> About this task: Your answer should be the lines from the one with "Gay denial symptoms" to the end of the data below, both included, exact and free of pictures.

> Data:
^^^^

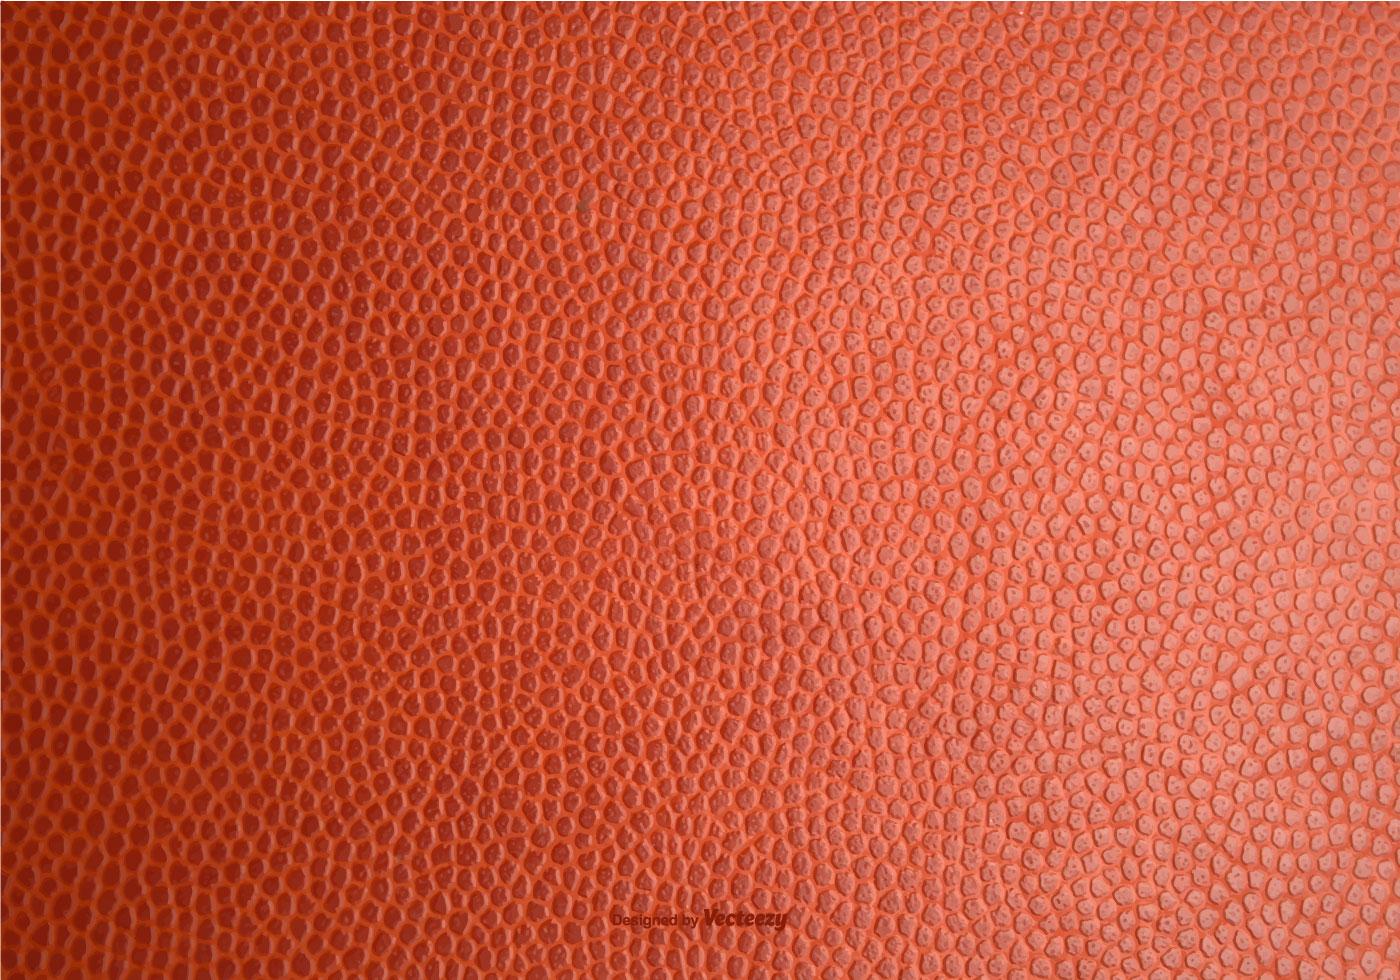 basketball texture free vector art  11241 free downloads basketball hoop clip art torn photoshop basketball hoop clipart black and white
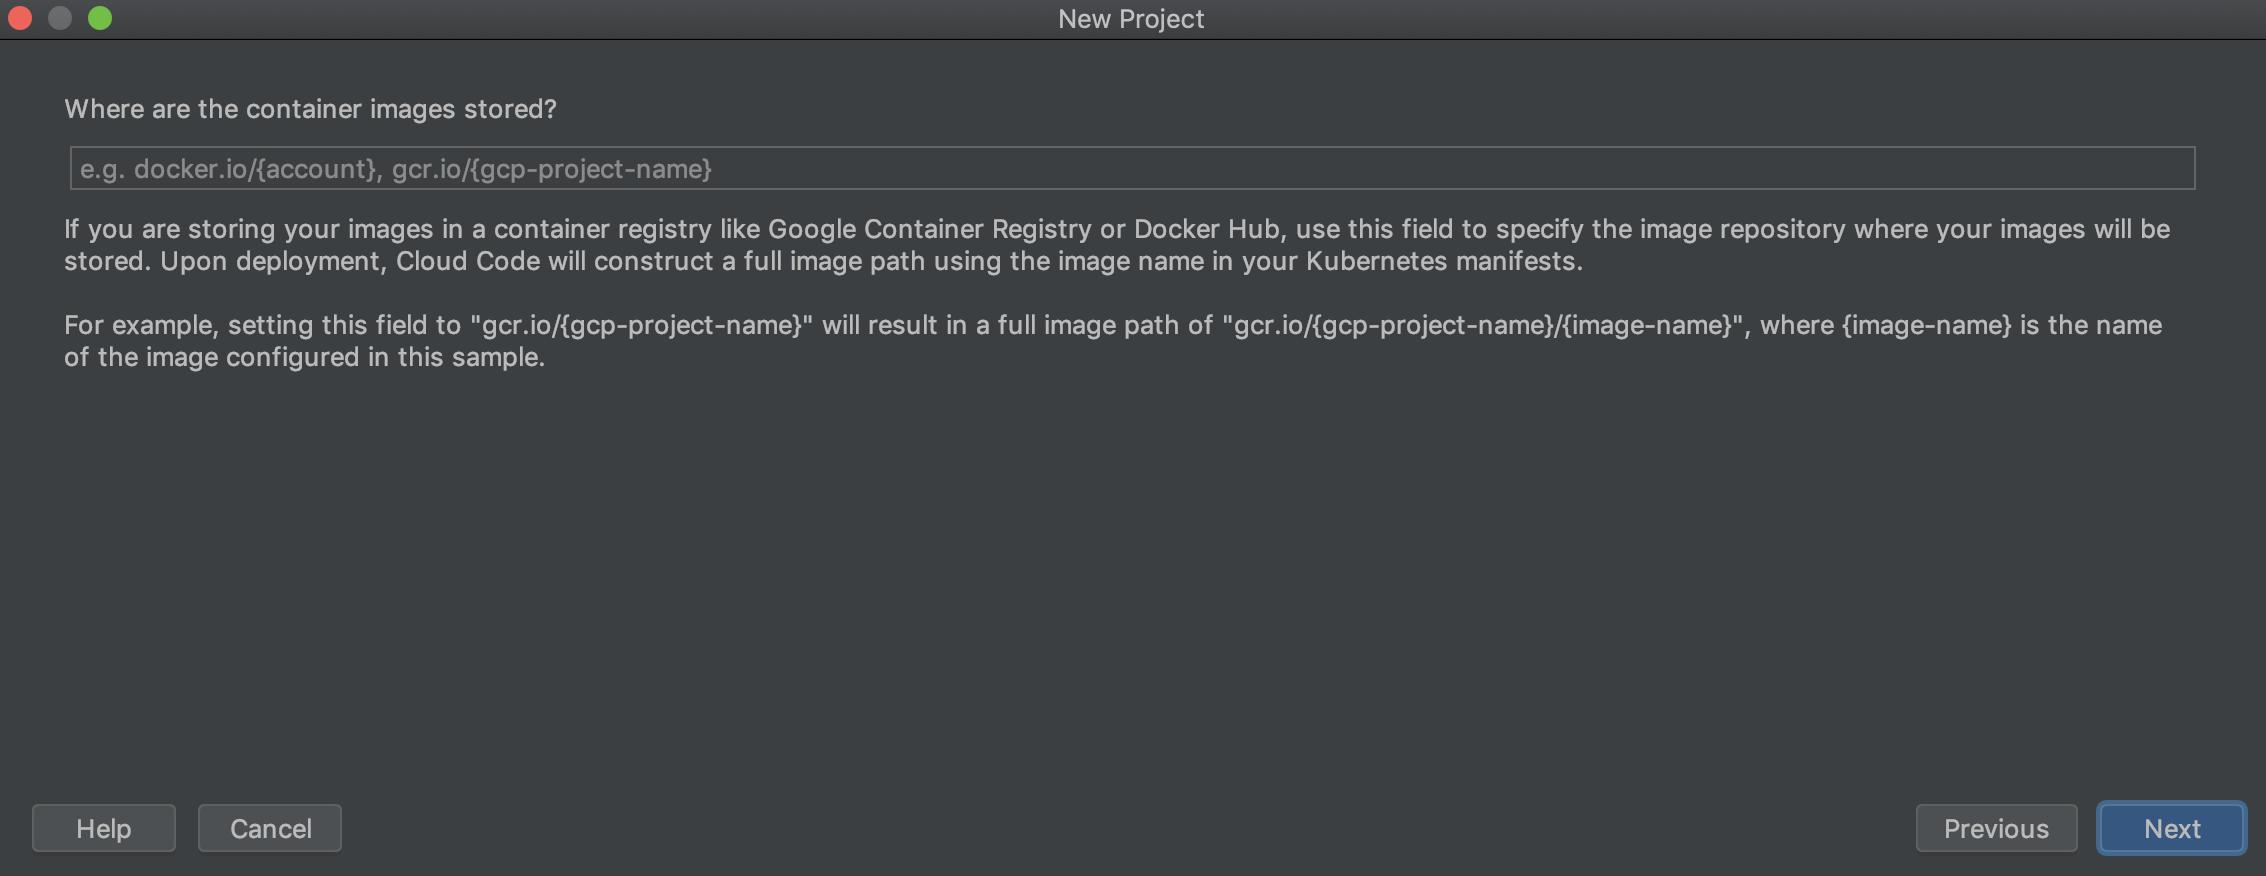 gcr.io/{gcp-project-name} 또는 docker.io/{account} 형식을 사용하여 필드에서 기본 이미지 저장소를 지정합니다.
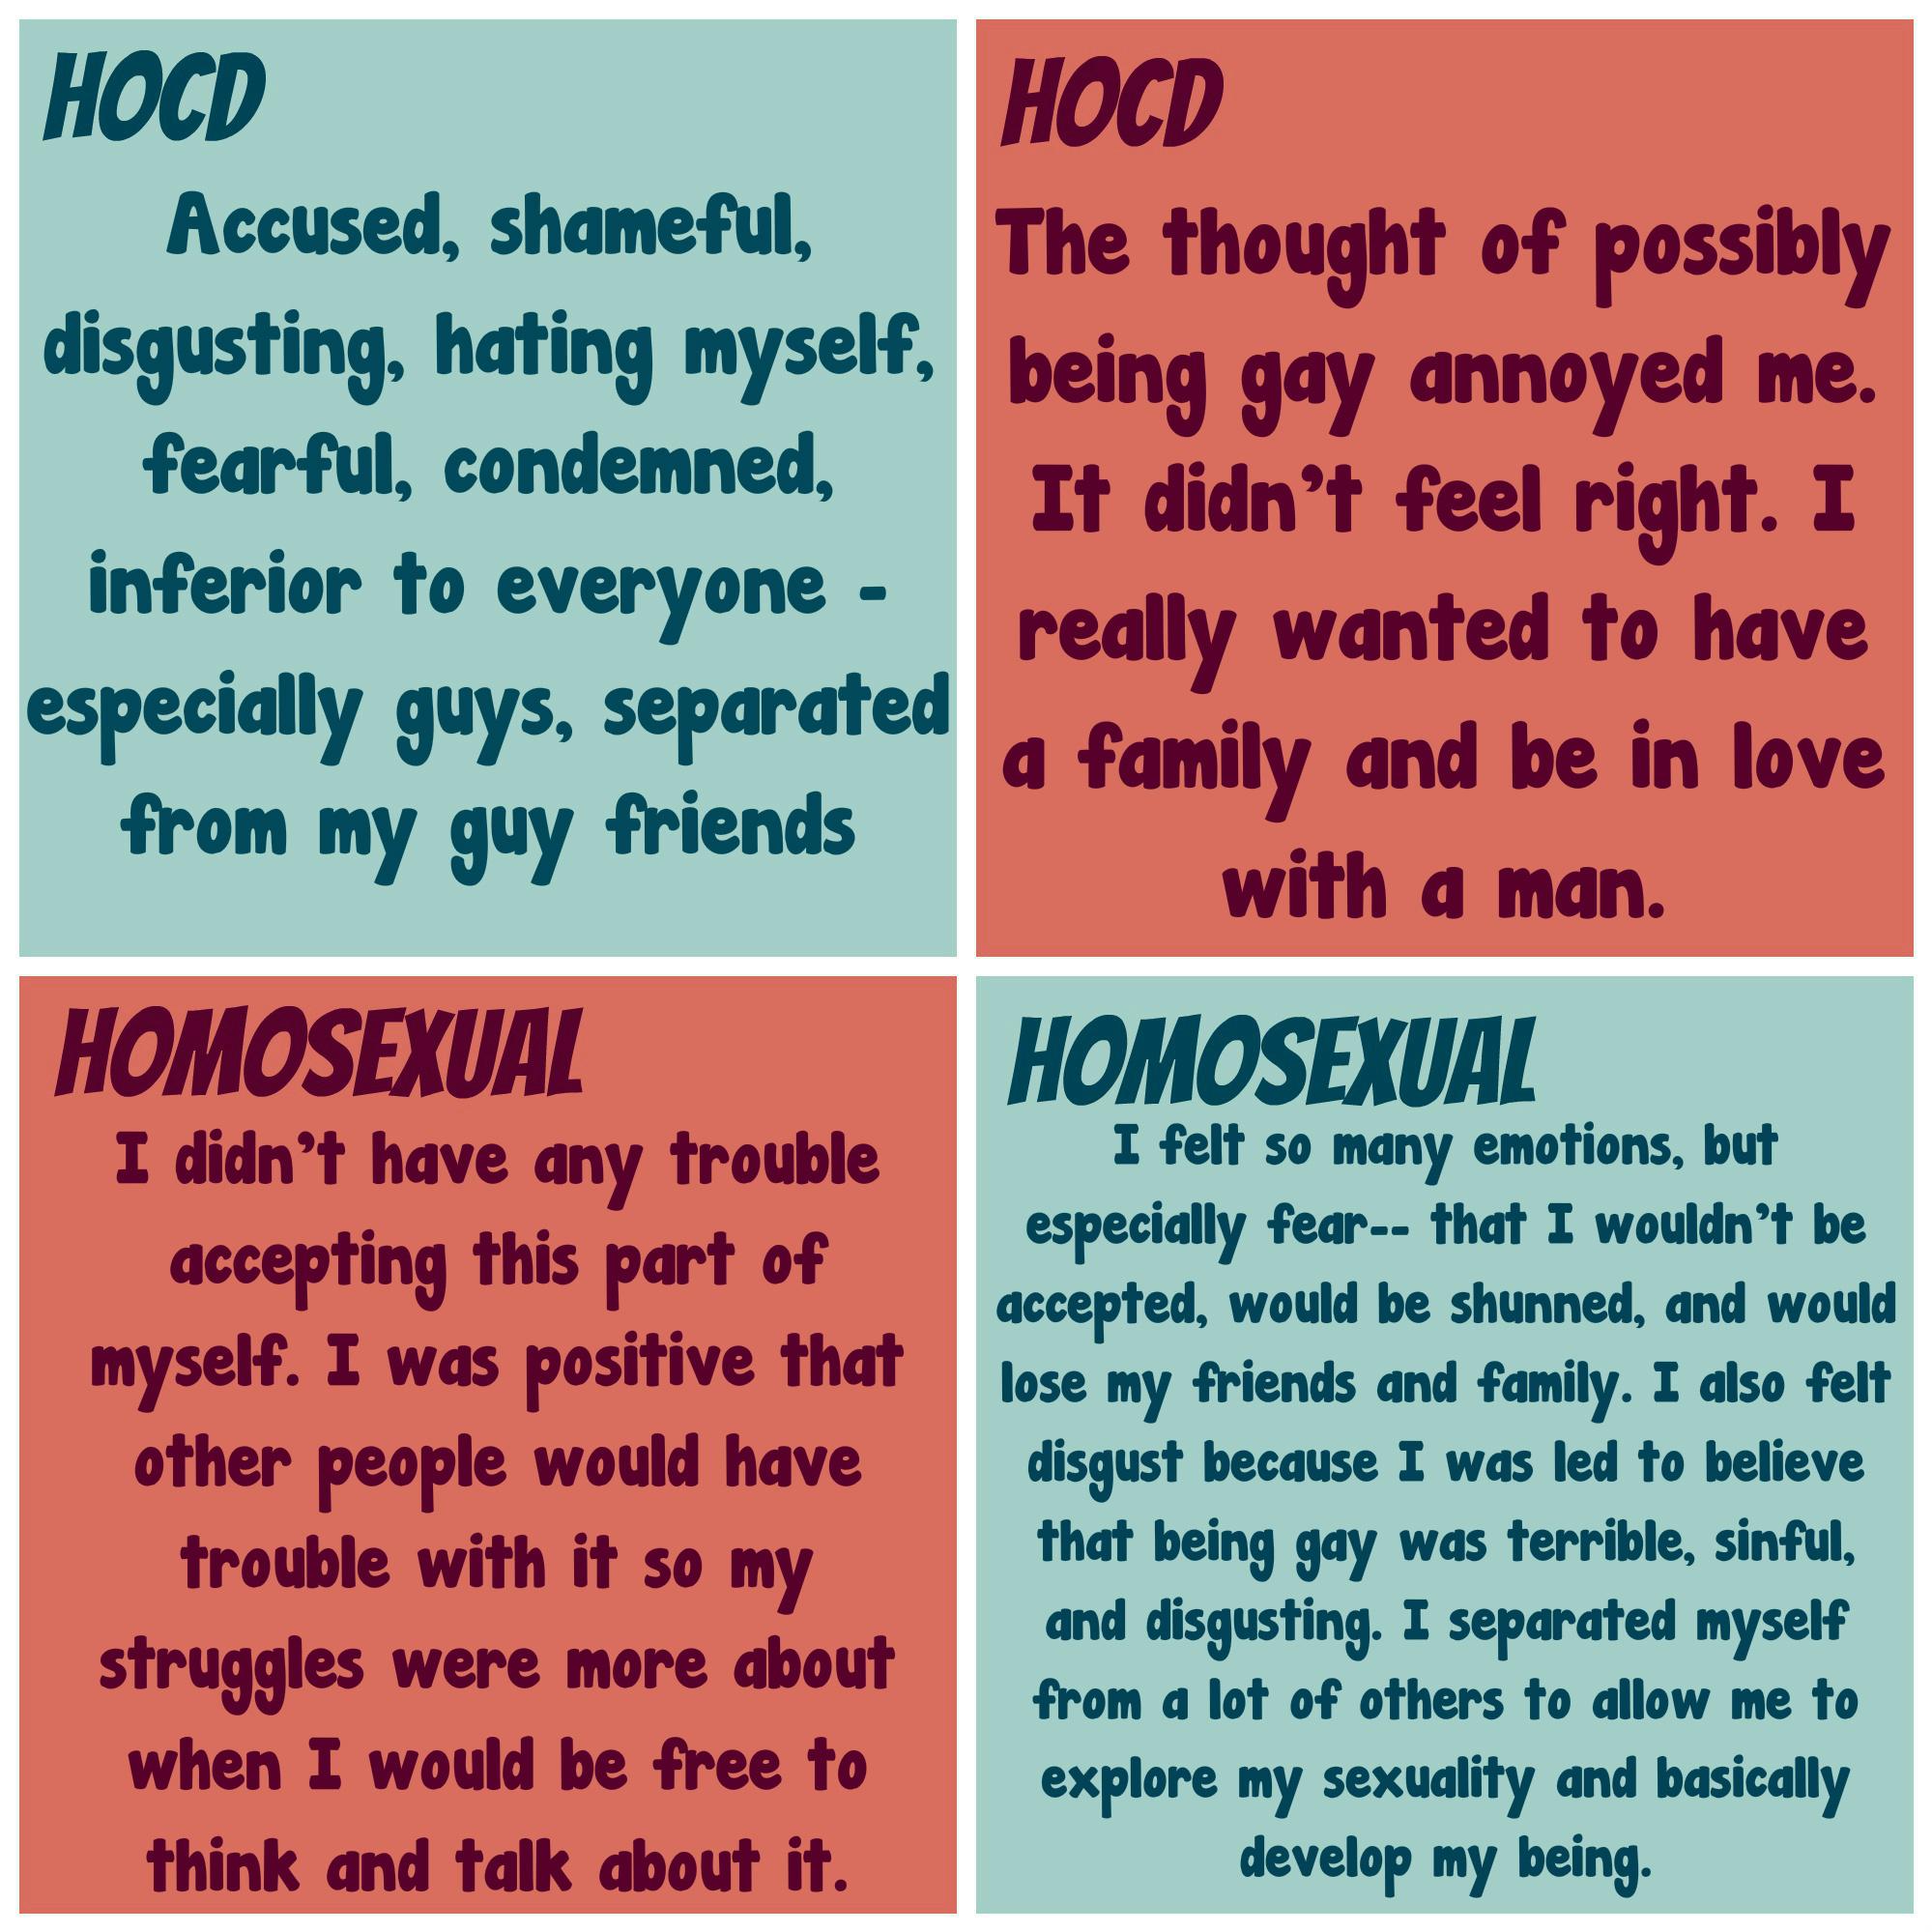 Gay denial symptoms
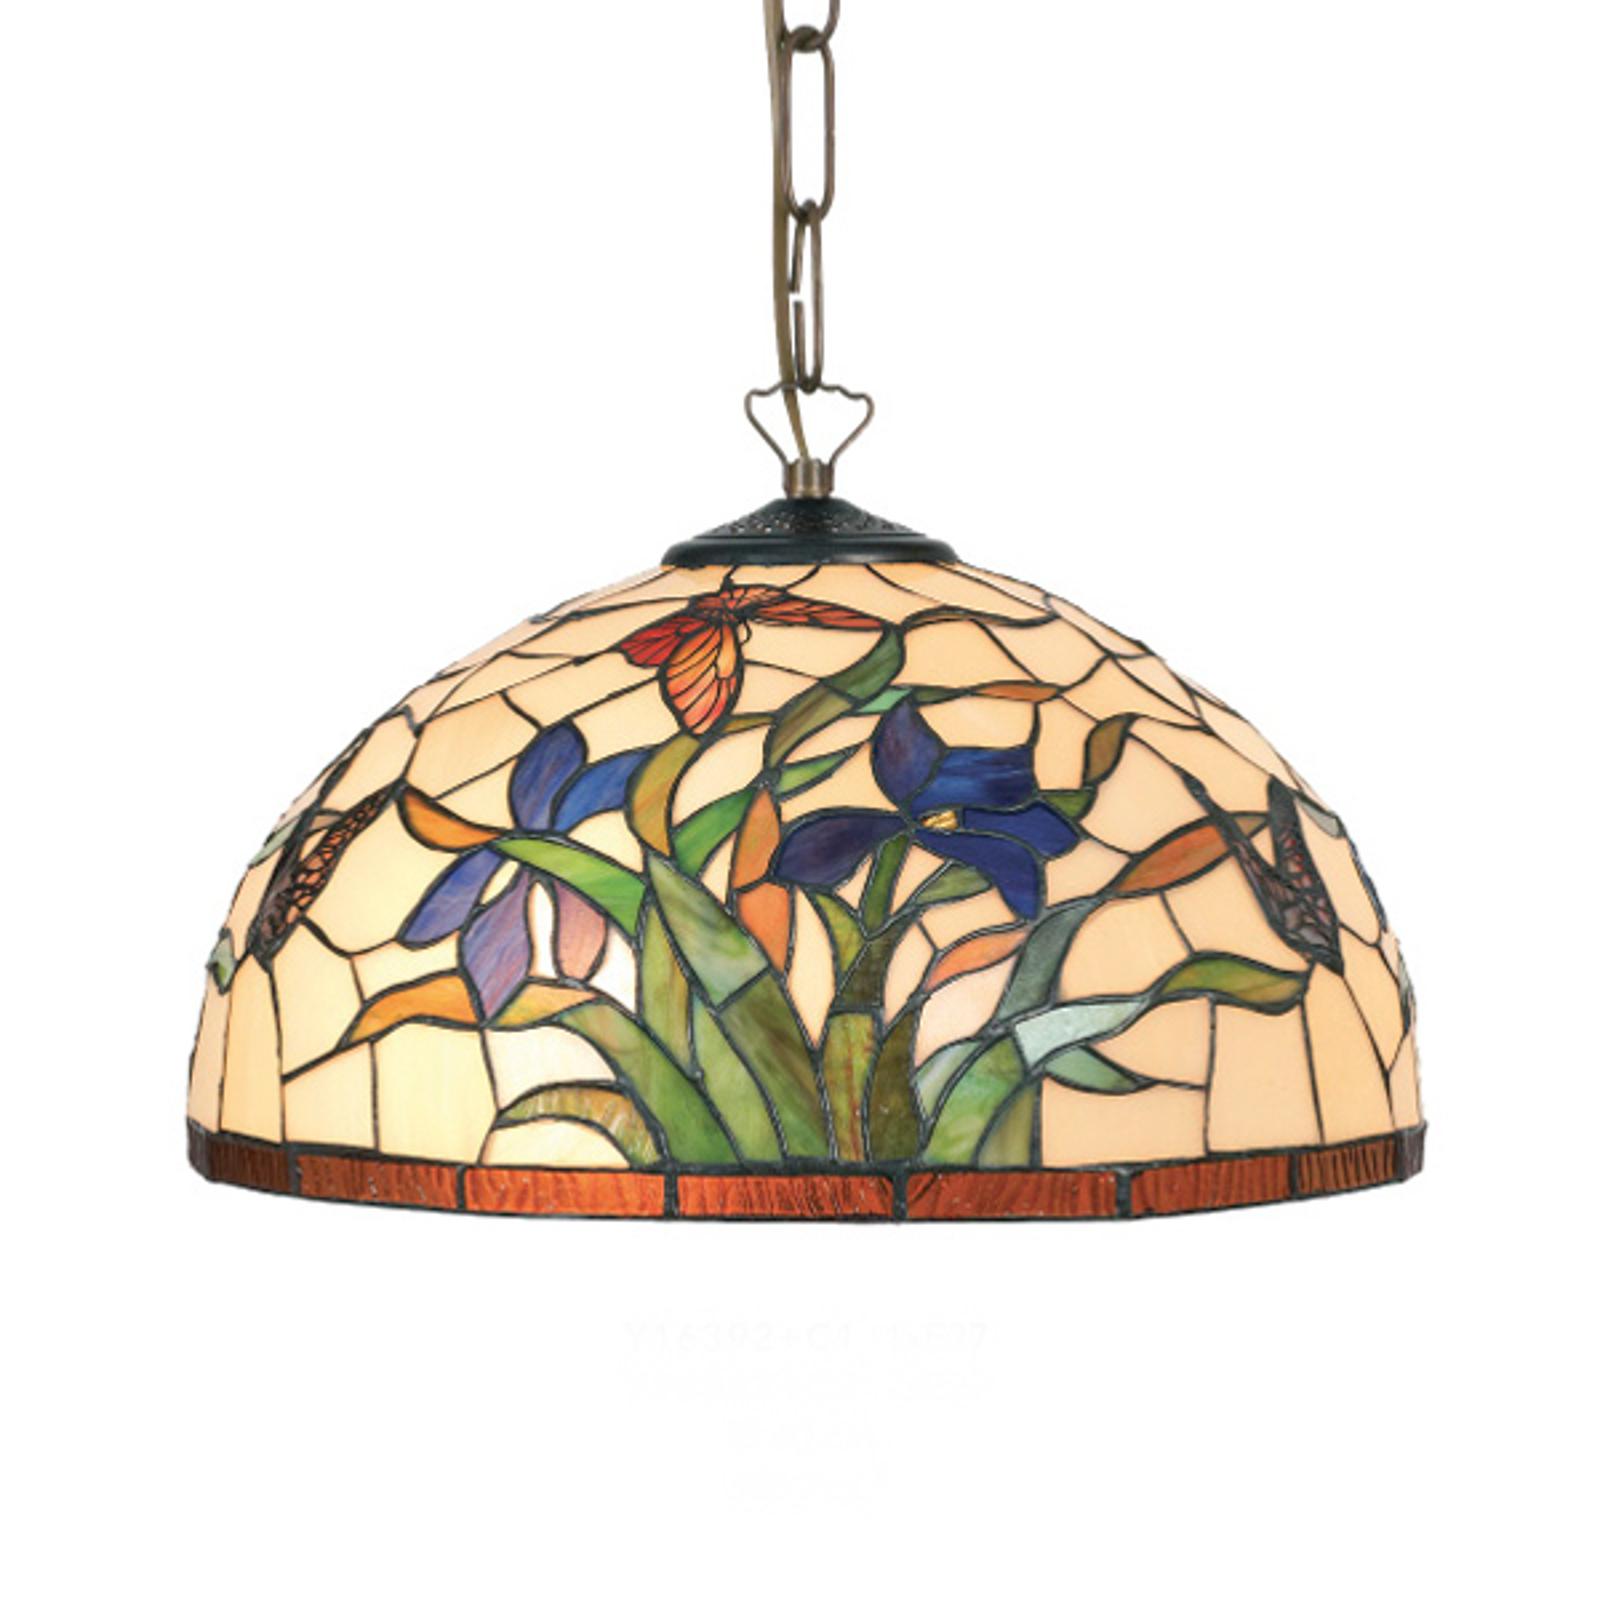 Suspension Elanda style Tiffany à 2 lampes

^^^^

> Task result:
 Gay denial symptoms
 Suspension Elanda style Tiffany à 2 lampes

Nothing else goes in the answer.